## Required work:
Below are records; the lines starting at the one with "Freshlions T-Shirt T-Shirt" and ending at the one with "portrait of a" must be reproduced exactly, both included. Pictures must not appear.

## Material provided:
-------
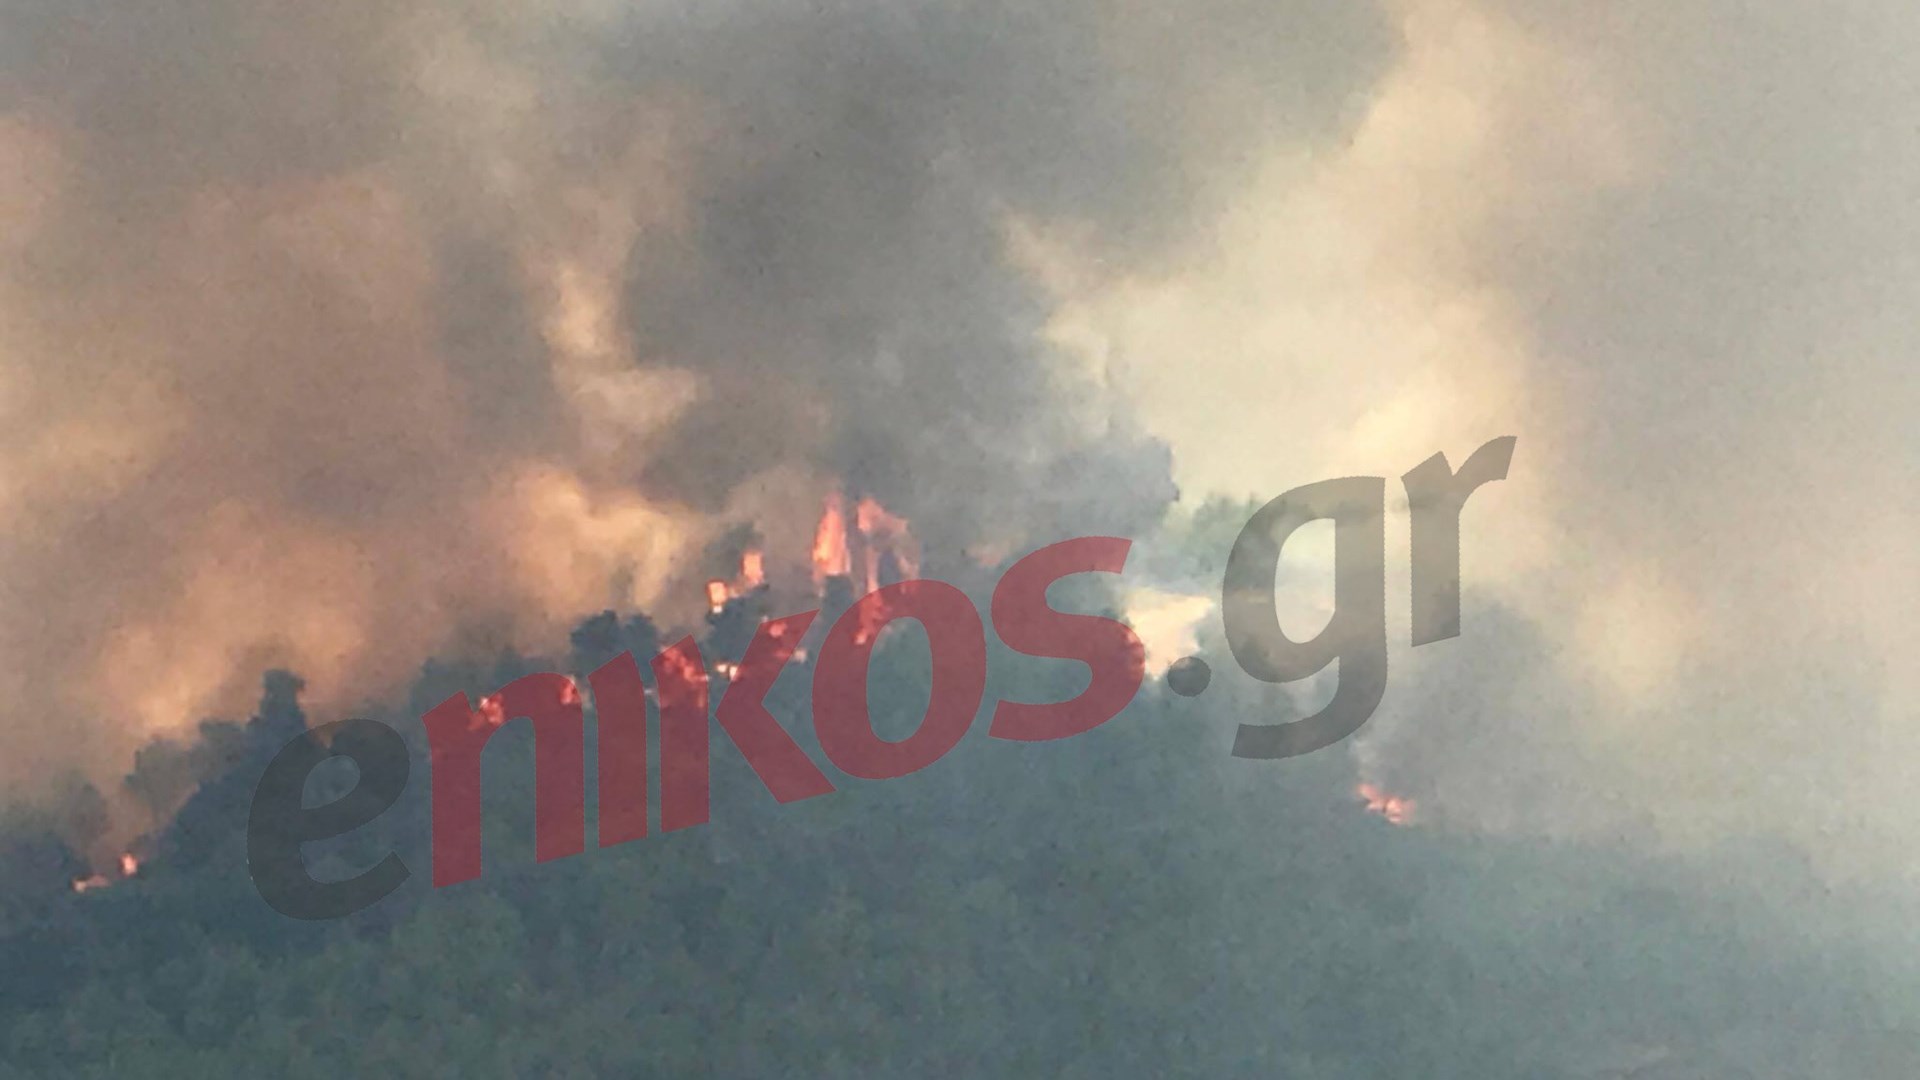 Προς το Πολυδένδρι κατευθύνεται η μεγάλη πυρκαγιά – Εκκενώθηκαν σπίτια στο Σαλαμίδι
-------
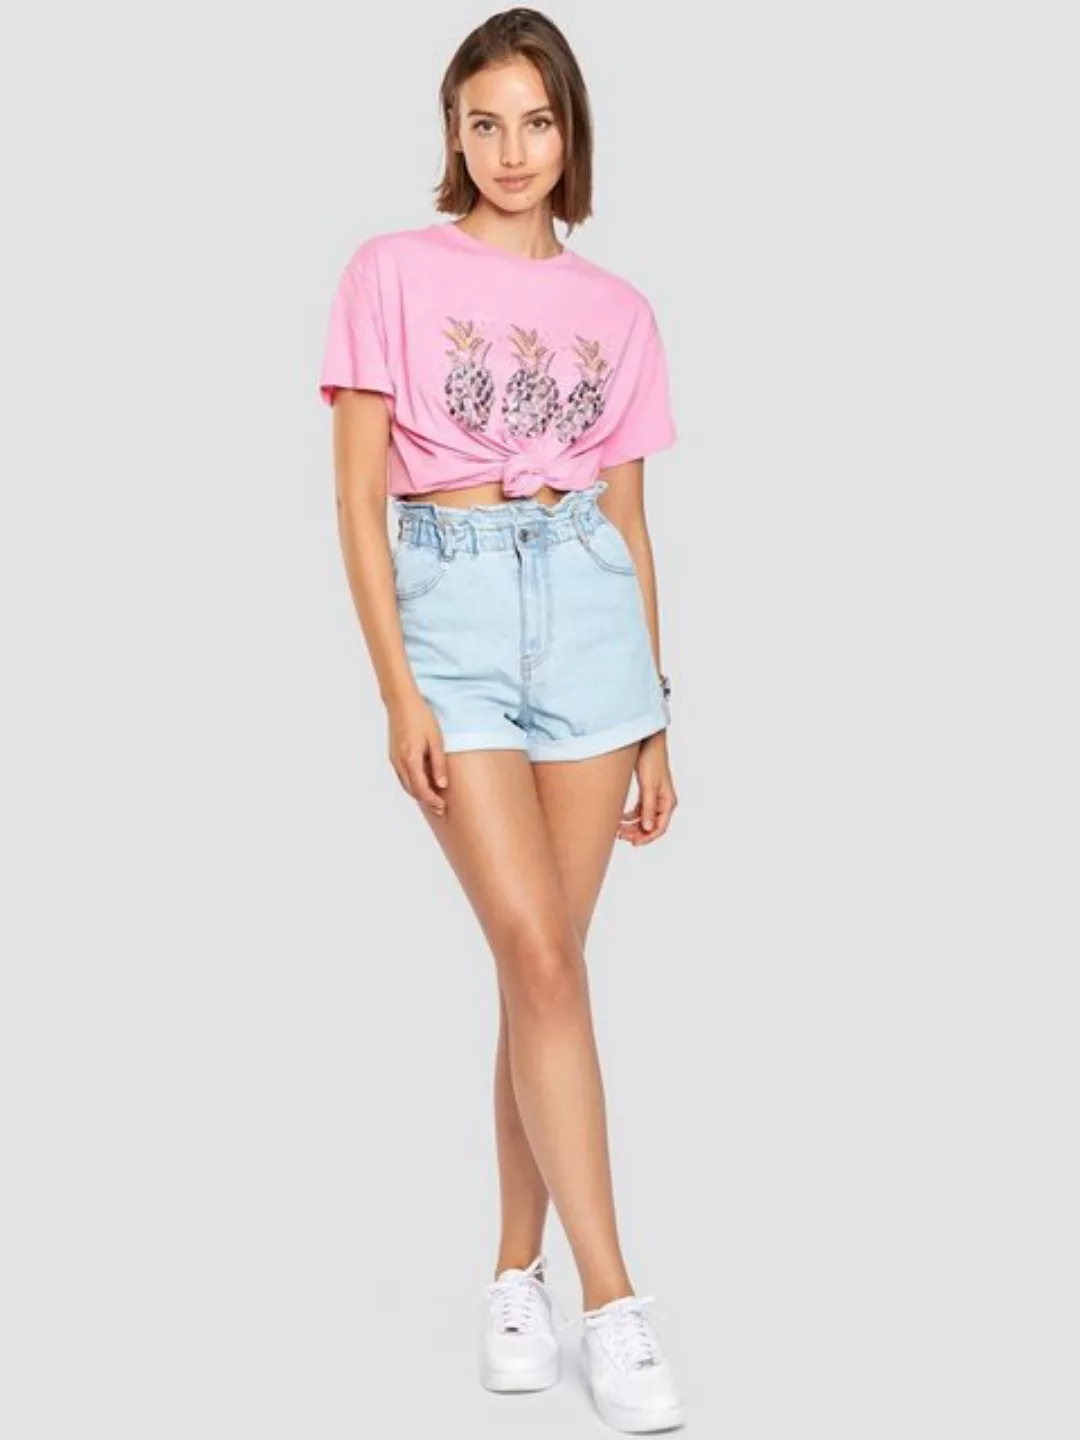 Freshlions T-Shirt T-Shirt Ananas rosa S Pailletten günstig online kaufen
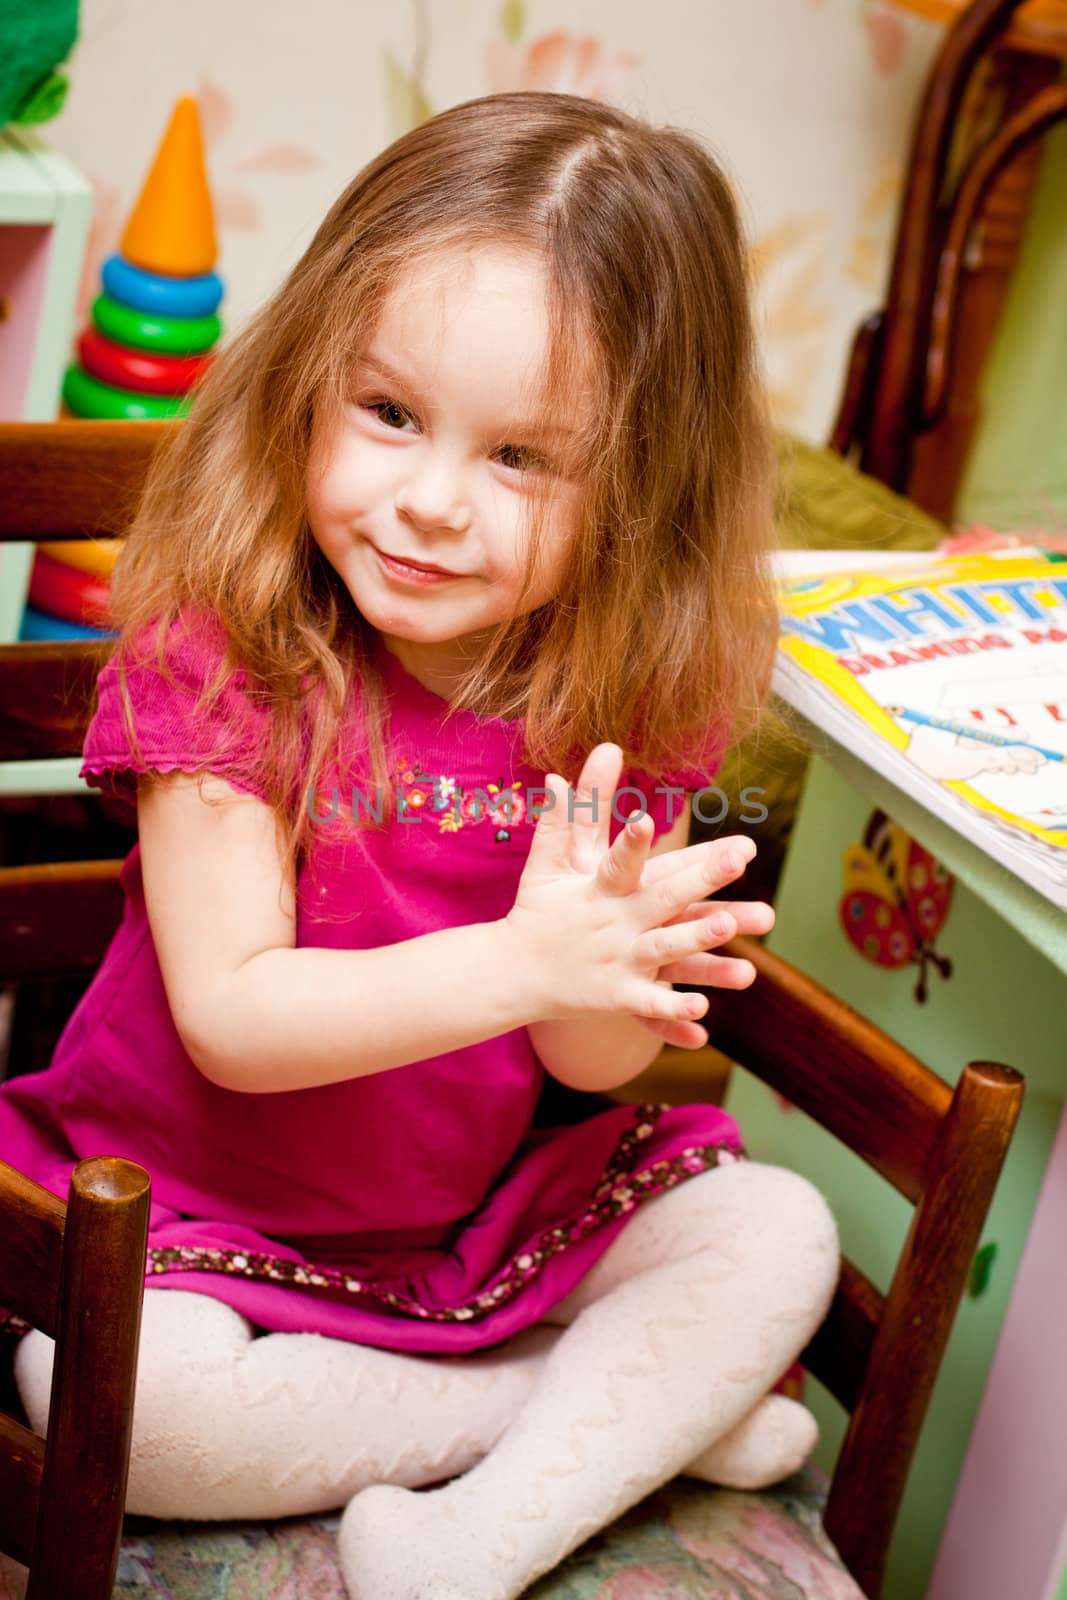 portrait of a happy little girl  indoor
-------
## Answer section:
 Freshlions T-Shirt T-Shirt Ananas rosa S Pailletten günstig online kaufen
 portrait of a happy little girl  indoor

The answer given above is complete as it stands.